Ya I know! I am glad I have to! I talked to The ex friend and her husband yesterday and suprisisngly I feel GREAT I think that I felt the way I did because I had so many things unresloved with that. But I became the better bigger person and put it to the side and apoligized for my actions of being a bitter Bit#@ and well I feel a big relief. I am the type of person who hates to hate and hates to be hated. So it was good for me! I text her that she WAS a good friend I love her and blah blah but ya I feel great you guys I do I really do. its nice to know that I can be big about it all.


----------



## sunflower (Dec 15, 2008)

You know whats pathetic about him the husband of my ex friend that I spoke with was like you just need to think of the worst thing that could happen in that room and take it for that? I was like hmm..... Is that what makes you feel better about the affair you had. Well I didnt say that to him but its gotta be.


----------



## Tim (Mar 24, 2009)

Ok.
Well, I'm a little worried about the fact that your going to a psychiatrist instead of a psychologist. Those are two different approaches. Are you sure its a psychiatrist?

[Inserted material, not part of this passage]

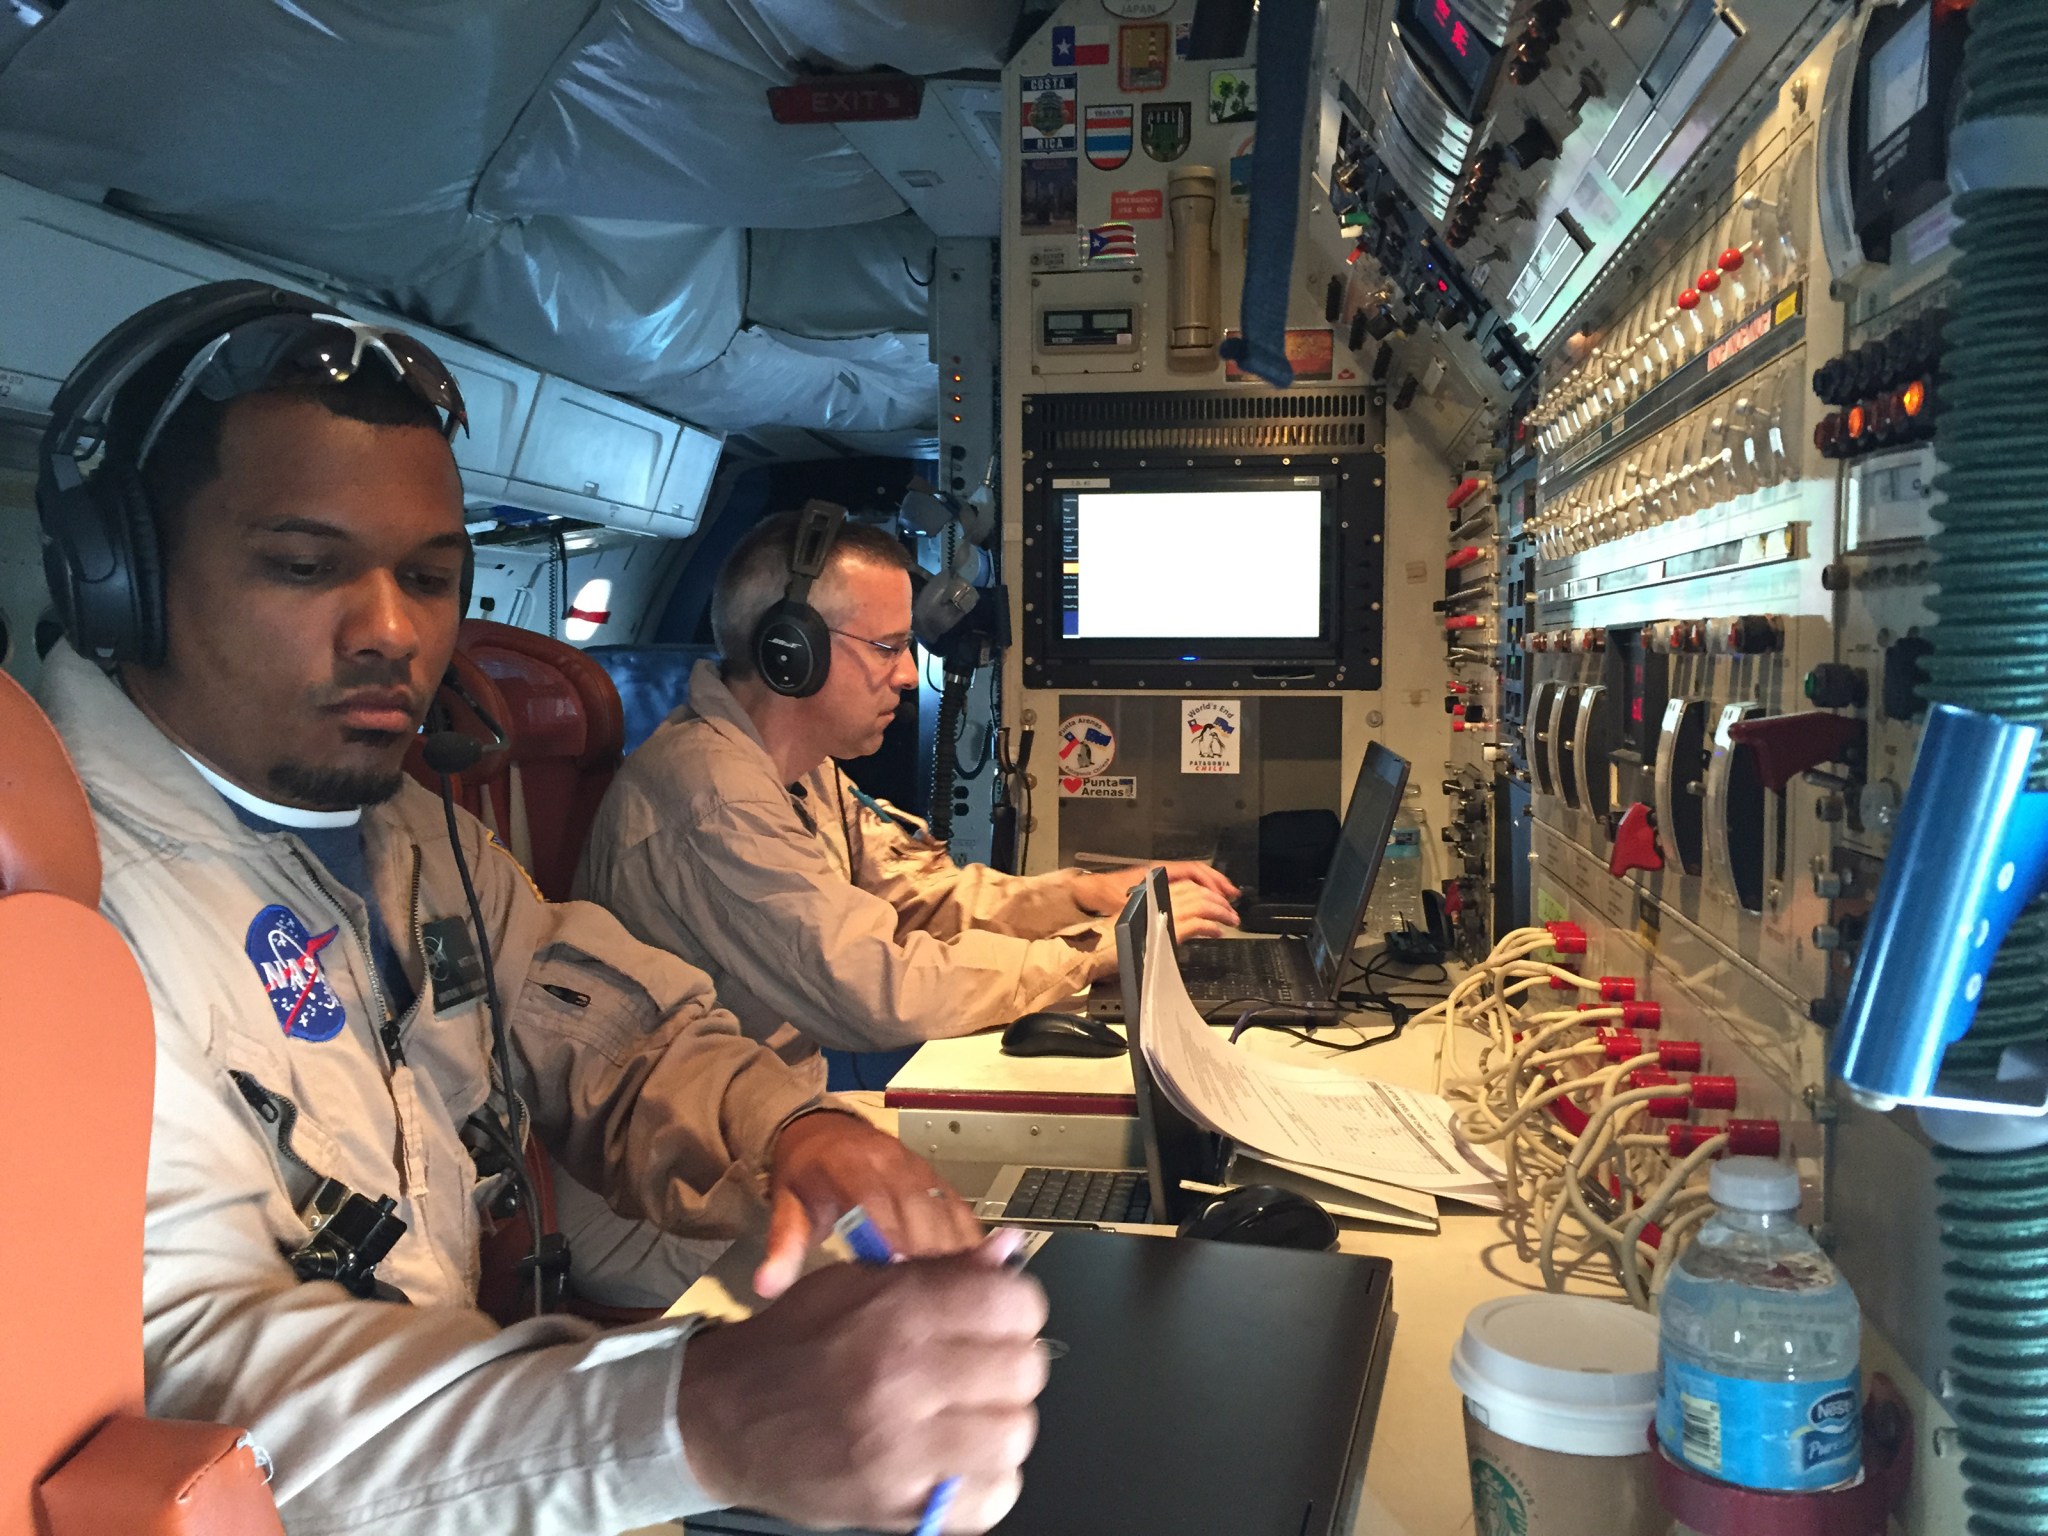 Two men inside the DC-8 aircraft at the operations console.

They'll just give you pills, blame all your problems on brain chemistry and tell you to grow up and deal with it.

Psychologists look into why you behave this way by exploring into your past....I really think thats what you need. There's so much buried beneath these emotions and feelings you are having. Its like your desperate to release it and your using this situation as a way to do it, but if you dont ever find the true cause you will never be free of it, you'll just be losing more control to this force you can't see.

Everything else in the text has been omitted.